Experimental setup and dynamical behaviour in liposomes (left panel) and multi-core double emulsions (right panel). (a) Microfluidic device for liposomes generation: the inner phase was a BZ aqueous mixture having \(\text {H}_2\text {SO}_4\) (300 mM), \(\text {NaBrO}_3\) (120 mM), MA (30 mM) and ferroin (5 mM), the middle phase contained DMPC solubilised in a mixture of chloroform: cyclohexane (40:60; v/v), the external phase was an aqueous solution of PVA (Polyvinyl alcohol) (7%, wt), an aqueous solution of \(\text {NaBrO}_3\) (0.4 M) was used to recuperate the liposomes at the exit of the microfluidic device; (b)–(e) pulse transmission across the touching liposomes after solvent evaporation. White arrows indicate the direction of pulse propagation; (f) space-time plot of liposomes 2, 5, 6 along the white bar in panel (e); (g) Microfluidic device for double emulsion generation. Conditions are the same as in (a) but in this case the droplets and the surrounding oil phase where collected in a PVA solution only at the end of the encapsulation process, preventing the evaporation of the organic solvents, \(\text {H}_2\text {SO}_4\) (350 mM), \(\text {NaBrO}_3\) (180 mM), MA (150 mM) and ferroin (2.5 mM); (h) Final configuration of the oscillating droplets in double emulsions; (i) Time series of the oscillating dynamics of the two droplets in the red circlet in (h); (j) Temporal behaviour of the phase difference between the two droplets calculated by using the Eq. (1). (Color figure online)

Fig. 3.
figure 3

(a) Sketch of the microfluidic device used to generate the droplet arrays; (b) 1D array of BZ containing droplets collected in a PTFE tube for monitoring. (c) Array of six oscillating droplets in the simple emulsion system. Space-Time plots of each droplet were reconstructed from the movie frames (sampling time 1 s). (d) Time-series extracted from the Space-Time plots by converting the pixels in grey scale values; \(\text {H}_2\text {SO}_4\) (300 mM), \(\text {NaBrO}_3\) (120 mM), MA (300 mM) and ferroin (5 mM), The suspending oil phase consisted of a mixture of chloroform/cyclohexane (1:2), DMPC (0.8% w/w), and STS (0.2% w/w).

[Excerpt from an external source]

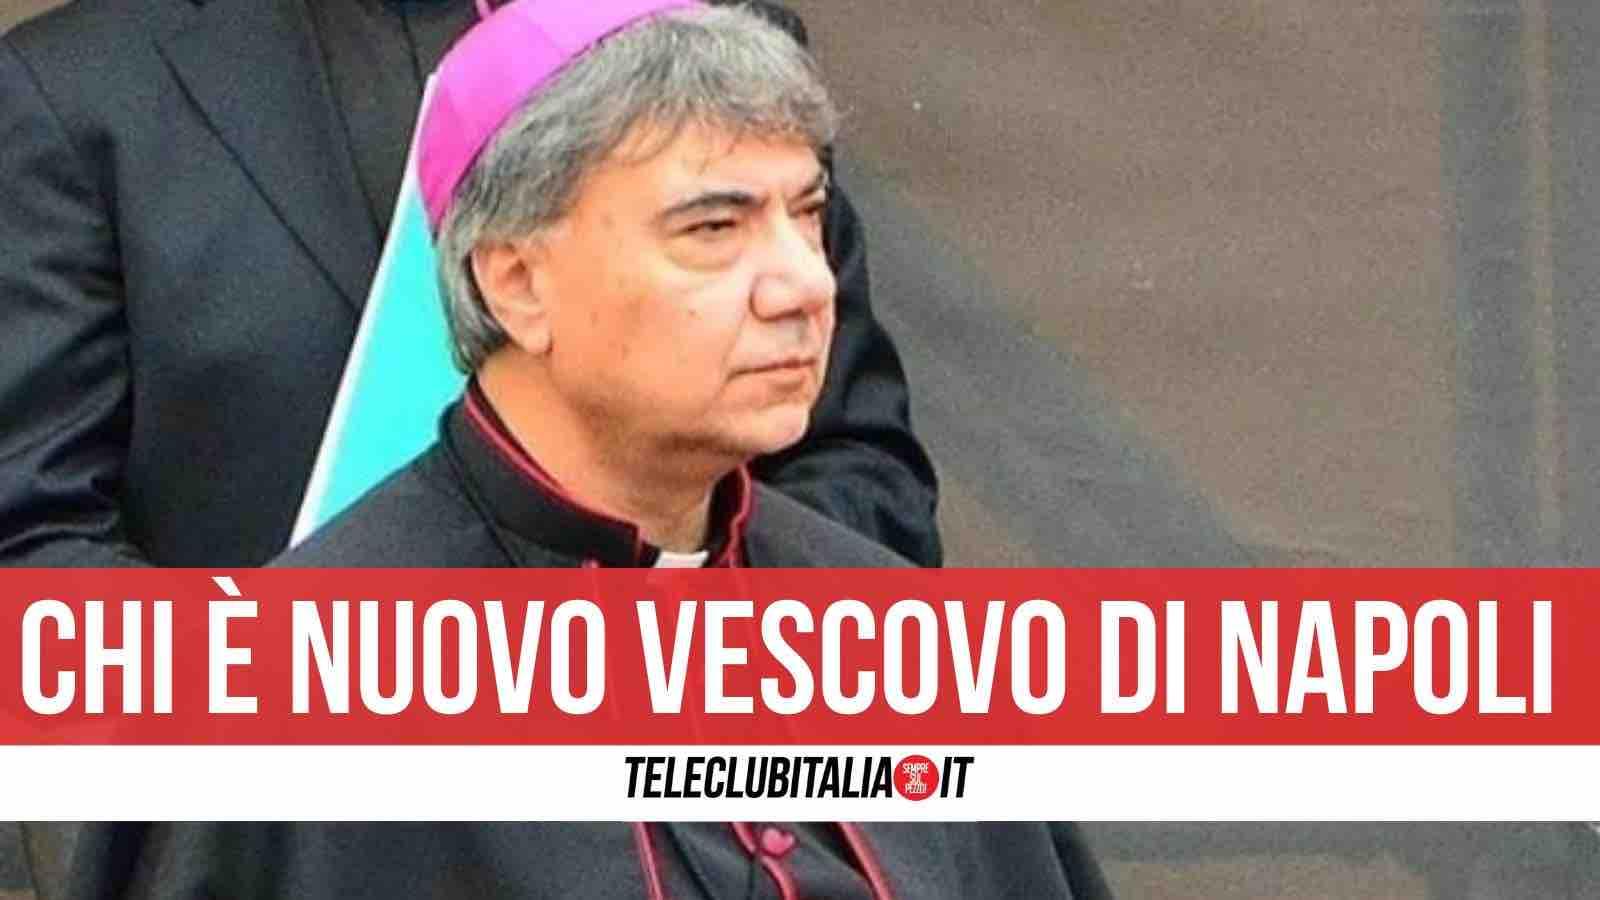 domenico battaglia vescovo napoli

In liposomes experiments, we demonstrated an actual communication among different single oscillators. The oxidative pulse transmission suggested the autocatalytic species, \(\text {HBrO}_2\), as the main messenger molecule able to cross the DMPC bilayers and this was confirmed by an electrochemical investigation of the membranes during the oscillatory cycles [30, 36]. However, mainly because of the osmotic pressure, the stability of liposomes was not long enough (<10 min) to study the network dynamics during a series of sustained oscillations. Therefore we devised a series of experiments in a double emulsion system as depicted in Fig. 2g and h, where the DMPC stabilised oscillating droplets were dispersed in an organic solvent (the same used for the encapsulation process) and, in turn, in a PVA (Polyvinyl Alcohol) solution. In contrast to liposomes, in double emulsions the DMPC membrane around each droplet is a thick layer (30–50 nm) with disordered internal structure. By avoiding the osmotic pressure problems, we could obtain droplets stable enough to record more than 10 oscillatory cycles (\(\sim \)30 min) and observe an in-phase synchronisation tendency between touching droplets. Figure 2i shows the timeseries extracted from the two droplets in the red circlet of Fig. 2h; it is quite evident that, after few oscillations, the two droplets tend to spike with the same period and phase. This is also confirmed by the evolution of the phase difference between the two oscillators (\(\phi _{12}=\phi _1-\phi _2\)) reported in Fig. 2j and calculated by means of the Eq. (1) [37, 38].

$$\begin{aligned} \phi _i(t)=2\pi \frac{t-t_k}{t_{k+1}-t_k}+2k\pi \;\;\;\;\;\;\;\; t_k<t<t_{k+1} \end{aligned}$$
(1)

where \(t_k\) is the time of the k-th peak of the oscillatory time series of the oscillator i. The diagonal lines in Fig. 2j mean that the phase difference is changing in time, while horizontal lines indicate that both oscillators have the same period and oscillate with a constant phase difference. This represents a phase lock state, i.e. a coherent behaviour of the two oscillators. The phase difference, in particular, shifts from an initial value of about 0.5 p during the first cycles to 0 at the end, indicating that the two oscillators adjust their oscillation frequency until they reach a synchronistic behaviour. The in-phase oscillations of the communicating droplets reveals an activatory coupling path, that can be brought about by the exchange of the autocatalytic intermediates [39], in agreement with the electrochemical investigations and with the pulse transmission in liposomes. Simulations presented in the Sect. 3 confirmed this hypothesis.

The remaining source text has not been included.